Going forward, these enhancements will increasingly be powered by artificial intelligence programs that may leverage input from the vehicles’ driving experiences. These software improvements are often being processed by FPGAs, which provide a level of hardware customization that most semiconductors can’t offer.

“Convolutional neural networks/deep neural networks are going to be a huge enabler,” said Willard Tu, senior director, automotive business unit, at Xilinx. “An example is a CNN that started with 32 bit, moved to 8-bit integer and now is moving to 4-bit quantization.” Xilinx devices supported each of those transitions with the same device, where as other companies have to design a new device for each transition. Having powerful and efficient AI that can be upgraded on the same hardware is also very valuable to developers.

Set routes for autonomy

Commercial trucks and off-highway equipment often travel set routes, a factor many say will make trucking one of the early markets for autonomous vehicles. The current shortage of drivers provides additional impetus for removing humans from driver’s seats. Autonomous trucks already traverse specific routes in mining sites and autonomous systems guide tractors through fields.

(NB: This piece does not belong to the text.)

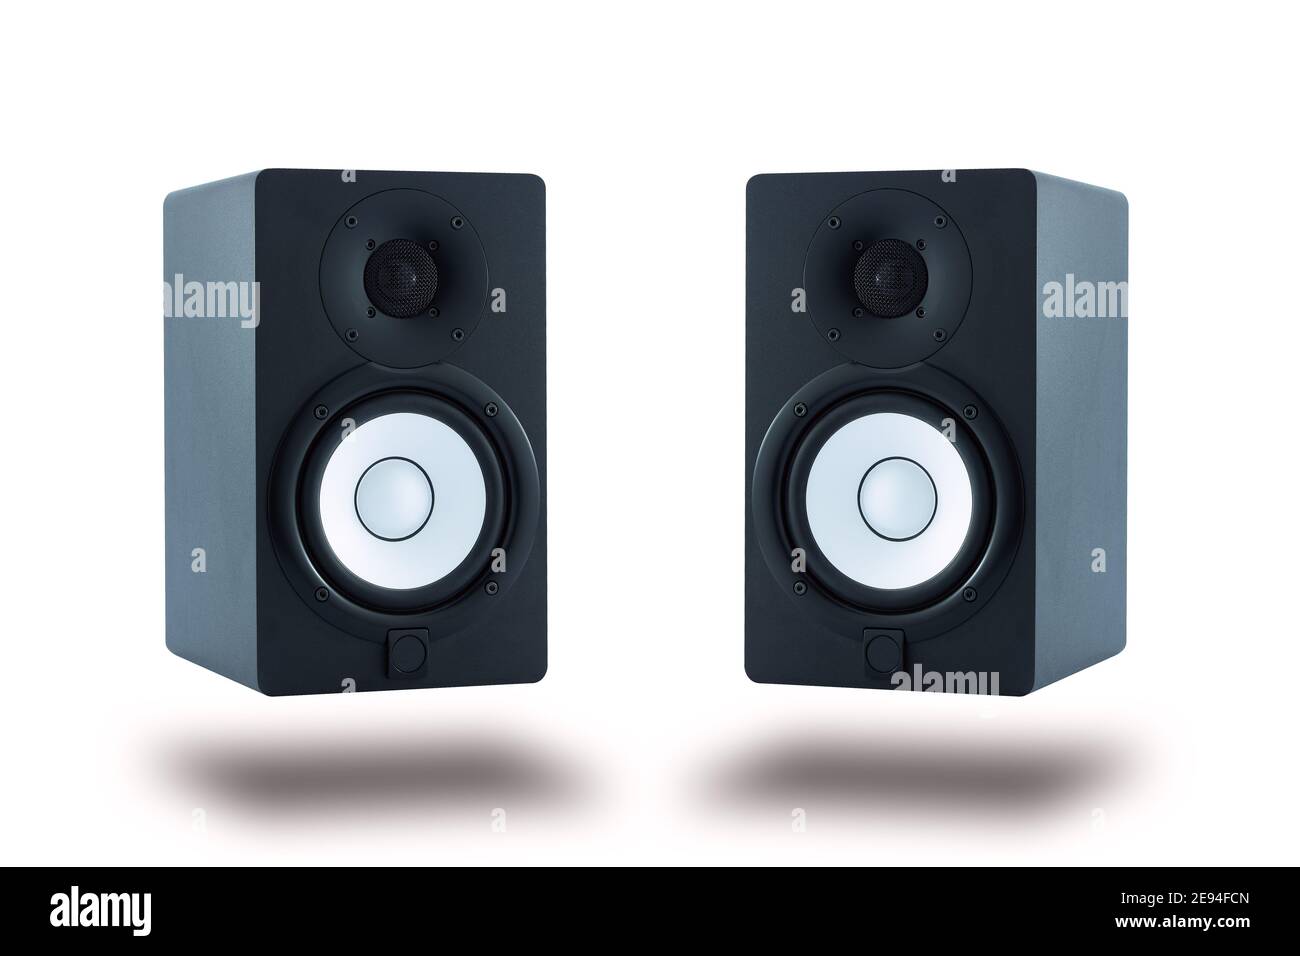 Pair of professional high quality monitor speakers for sound recording, mixing, and mastering in studio in black wooden casing isolated. Stock Photo

Self-driving trucks are getting closer to operating on public highways, typically with plans to start driving along limited routes. “Many trucking companies move freight along specific routes, our partner UPS has thousands of routes that don’t vary,” said Chuck Price, TuSimple’s chief product officer. “We are solving how to drive on surface streets in traffic, with all the randomness that entails. But we are containing complexity by limiting tests to that operational domain.”

Truck manufacturers are taking aggressive steps to move beyond controlled tests. Volvo opened its Autonomous Solutions group early this year, focusing research that already includes vehicles operating in a Swedish port. Daimler’s Highway Pilot is preparing to make the transition from safety system to autonomous controller.

Strategies for migrating to autonomy vary. Some in the trucking industry have suggested limiting autonomous semis to highways, letting drivers take over driving in urban areas. However, the logistics of getting drivers to holding sites where many trucks are parked will be difficult. “That model doesn’t fit how trucks are used,” Price said. “If trucks are limited to highways, how do they get to the highways? You need a terminal, which would have to be huge, and a way to get drivers to the terminal.”

The availability of high-resolution maps is among the factors driving operators to limited operational domains. Maps with constantly updated data including information about construction and road conditions are considered a critical element for driverless trucks. Startups and established cartography companies are figuring out how to maintain precise, up-to-date maps. “For years, mapping companies bragged of having this many miles,” said Jeremy Carlson, the IHS Markit analyst. “Ultimately, customers called back and said they wanted better data, with more frequently updated information for smaller regions. Mapping is hugely important.”

OEMs are also looking at keeping humans involved in autonomous driving – but at safe social distances, monitoring vehicle activities from remote sites. Remote operators may be called in when trucks encounter situations that autonomous systems can’t understand. “A remote operator can step in when decisions can’t be made by the system,” said Valeo’s Guillaume Devauchelle. “If there’s a red light but a policeman says please go, a human can easily decide that it’s OK not to pay attention to the red light.”